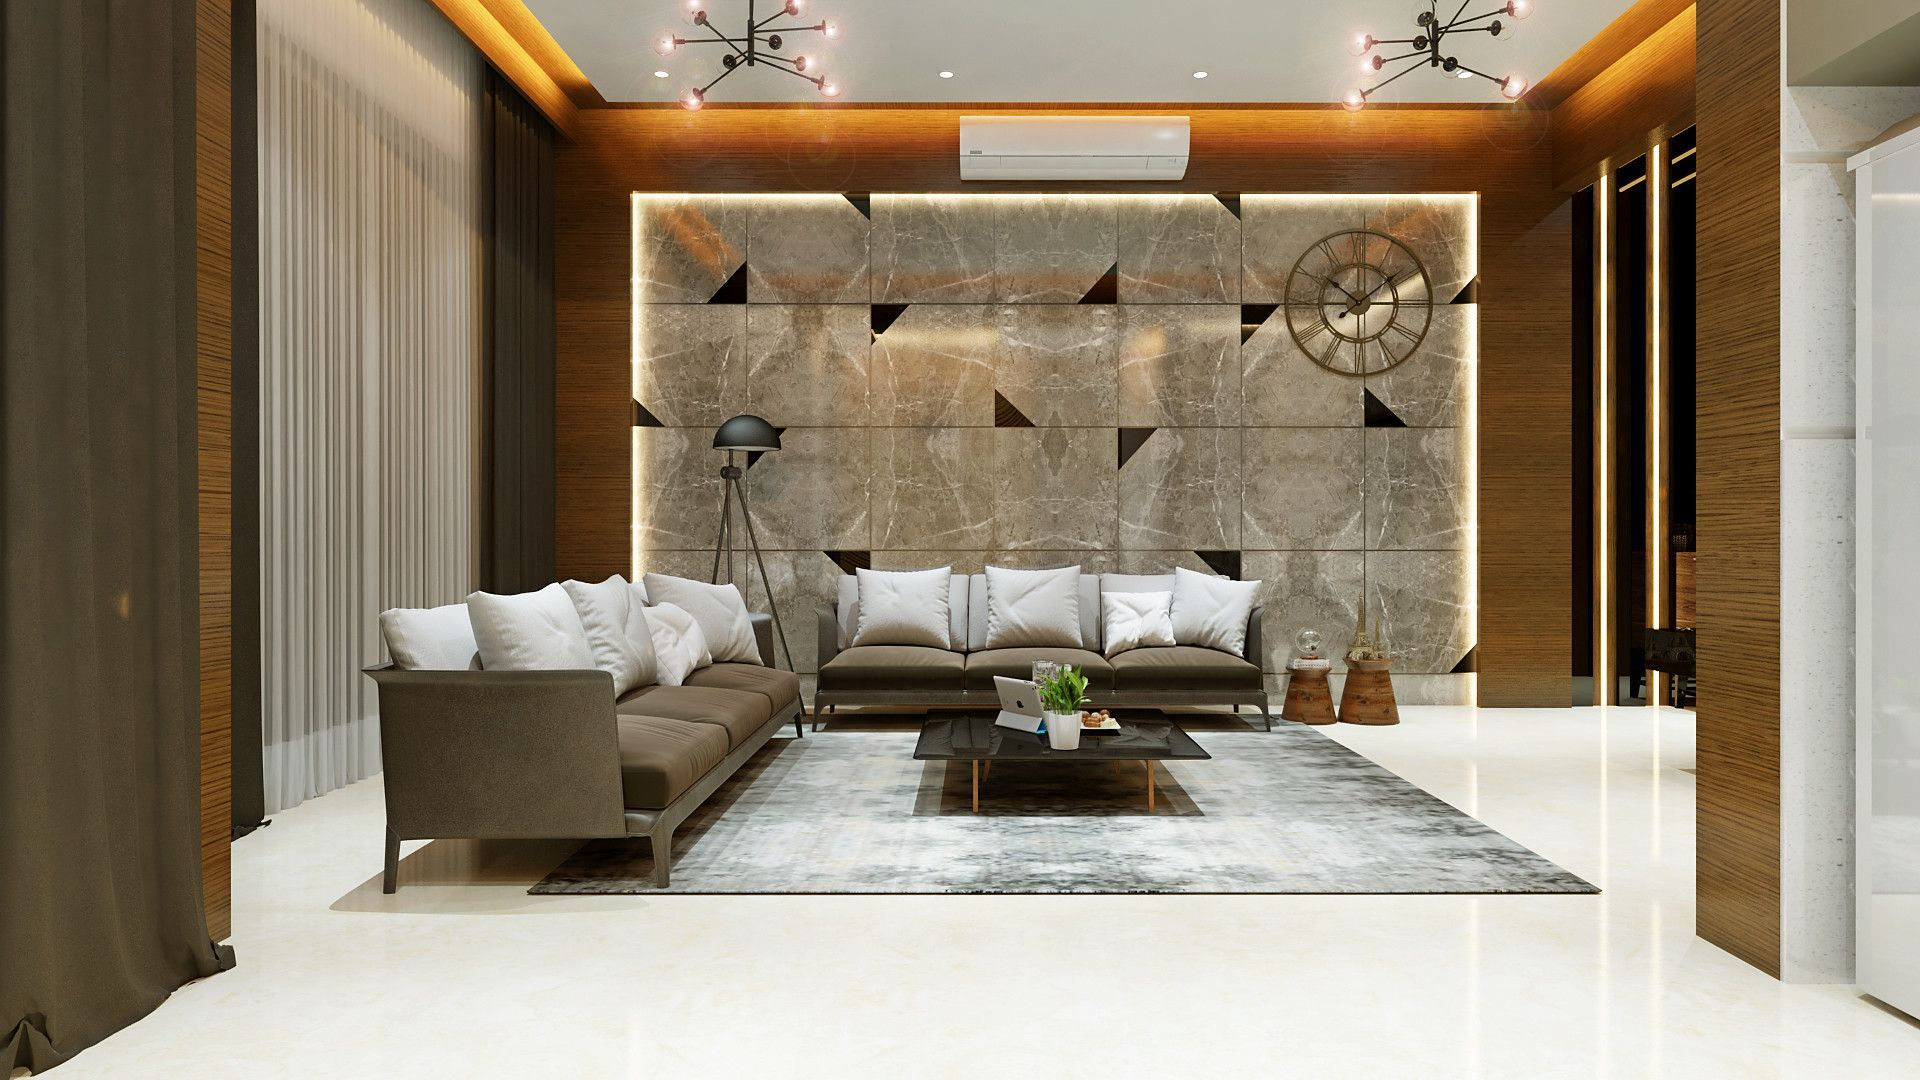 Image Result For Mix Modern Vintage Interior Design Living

----

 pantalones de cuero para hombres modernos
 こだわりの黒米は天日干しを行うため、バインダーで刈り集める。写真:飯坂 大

----

Once you find the line with "pantalones de cuero para hombres modernos" in the entries above, output it and each line after it up to and including the line with "こだわりの黒米は天日干しを行うため、バインダーで刈り集める。写真:飯坂 大", and nothing else.

 pantalones de cuero para hombres modernos
 こだわりの黒米は天日干しを行うため、バインダーで刈り集める。写真:飯坂 大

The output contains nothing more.